AVS 46th International Symposium
    Magnetic Interfaces and Nanostructures Technical Group Wednesday Sessions
       Session MI-WeA

Invited Paper MI-WeA7
High-Speed Dynamics of Submicrometer GMR Devices

Wednesday, October 27, 1999, 4:00 pm, Room 618/619

Session: Giant Magnetoresistance
Presenter: S.E. Russek, National Institute of Standards and Technology
Correspondent: Click to Email
Most of the applications of GMR and spin-dependent tunneling devices require them to be very small (line widths of ~300 nm) and very fast (operation frequencies > 1 GHz). The simplest devices typically consist of 4 to 10 layers of magnetic, nonmagnetic, insulator, and conducting materials with thicknesses of 0.6 nm to 10 nm.
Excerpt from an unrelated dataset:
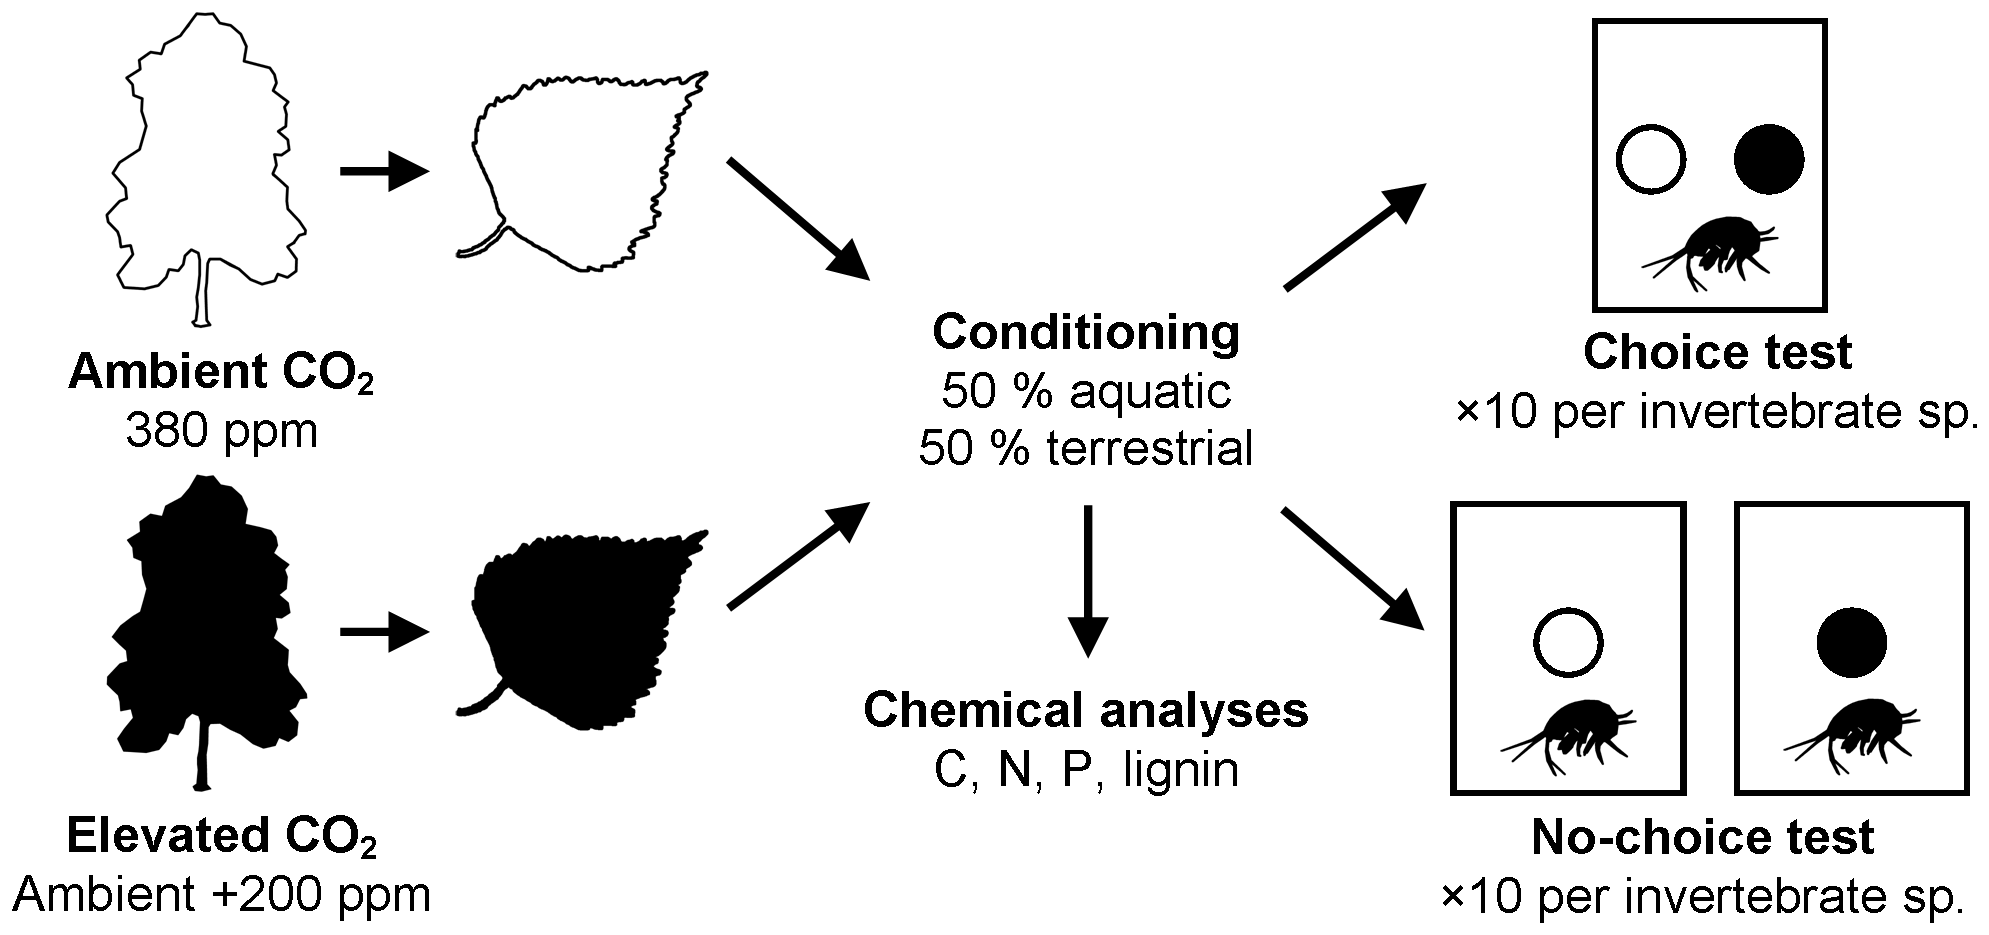 Design of an experiment showing trees growing under elevated CO2 and leaves being fed to invertebrates in choice tests.

In this talk I will present high-speed measurements of sub-micrometer spin valves being driven by magnetic field impulses and step excitations with peak widths and ristimes of less than 300 ps. We have observed sub- 300 ps rotations and switching (180 degree rotation) of these devices and free induction decay (damped precessional motion) with characteristic frequencies of 2 - 6 GHz. The response of the devices have been compared to Landau-Lifshitz-Gilbert (LLG) micromagnetic simulations and high-speed measurements of magnetization rotation in sheet films using second-harmonic MOKE. The value of the dynamical parameters of the small devices, such as the damping constant, have been compared to those measured using more traditional methods on larger samples, with a smaller range of motion of the magnetization, and a less complex layer structure. The effect of disorder due to edge roughness, surface roughness, and variable interlayer coupling have been studied using LLG simulations and the results have been compared to the dynamical response of real devices to assess the importance of disorder in real systems. Both the damping constant and the degree of disorder are shown to be important in high-speed operation of these devices.